A parser for web documents according to the HTML5 specification.
mangrove
provides HTML parsing for the Willow web browser suite. As such, it has not necessarily been written with a broader audience in mind, but the resulting data structures should still be generic enough to serve as a general parsing library should you need HTML5 compatibility (most likely, its codified error recovery algorithms); if you do use this for other projects, please do share any issues —or even just discomforts— that broader usage reveals. Notably, however, mangrove
makes no attempt to parse CSS, JavaScript, or to access linked files, leaving those tasks to other parts of the suite and merely generates a simple document tree from the markup.
About
'mangrove' provides an HTML5-compatible parser for web documents, implemented in Haskell.

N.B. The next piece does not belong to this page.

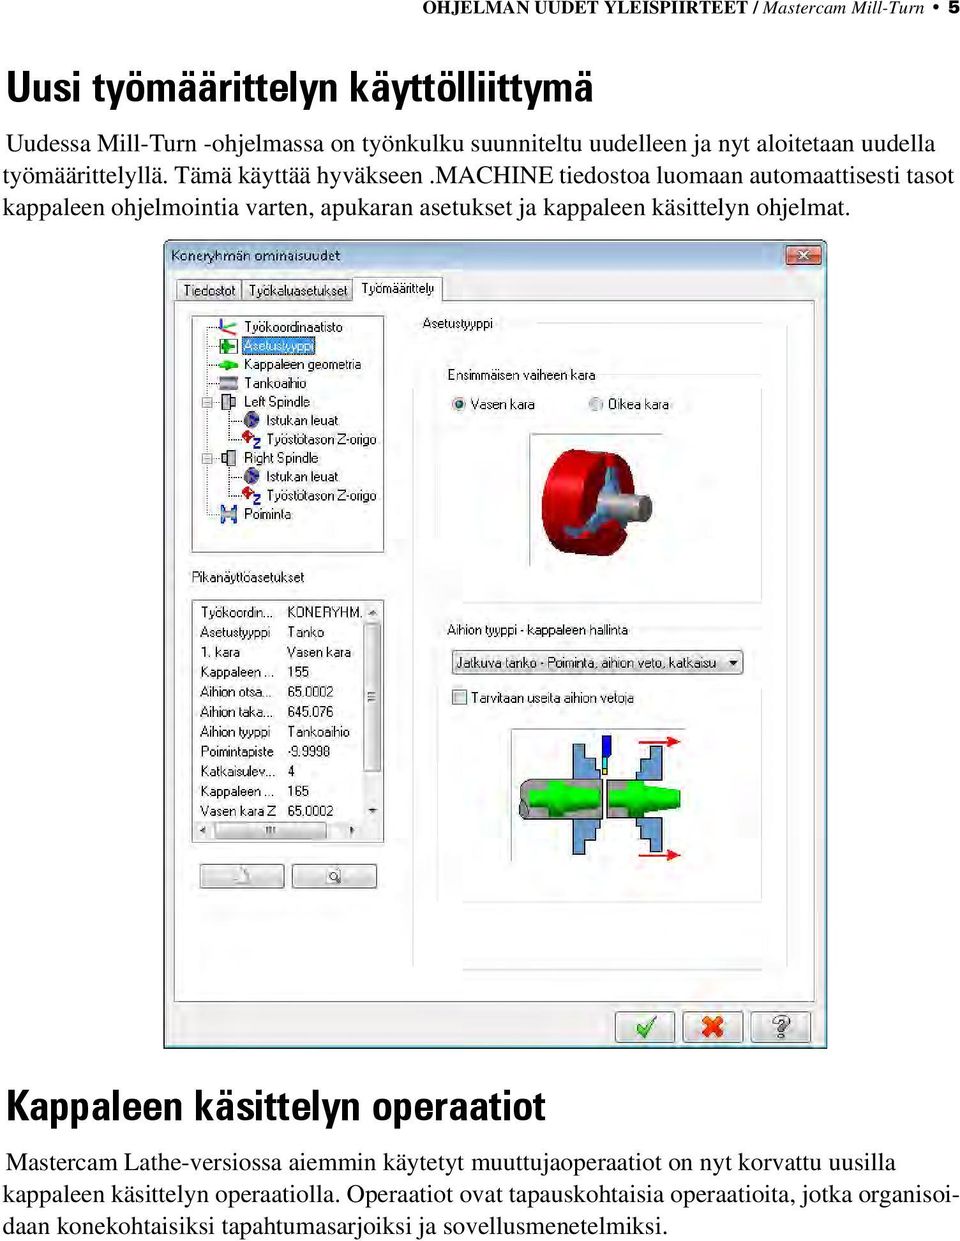 machine tiedostoa luomaan automaattisesti tasot kappaleen ohjelmointia varten, apukaran asetukset ja kappaleen käsittelyn ohjelmat.

In keeping with the immutable data paradigms, an emphasis has been placed on avoiding side effects and mutable structures rather than strictly following the official algorithms. The resulting document tree can be returned to willow
to be styled and rendered.
This readme is rather sparse, as it has been written for a subfolder of the complete repository; for full info on the project, see the primary readme in either this directory, its parent, or the online host, whichever of those links may work.
Coverage reporting
Unfortunately, the invocation of hpc by cabal-install <= 3.4.0.0 doesn't work properly when multiple packages are developed as part of the same project.
Until the next version is released, I recommend that you don't enable coverage reports for mangrove
, in order for the tests themselves to run correctly.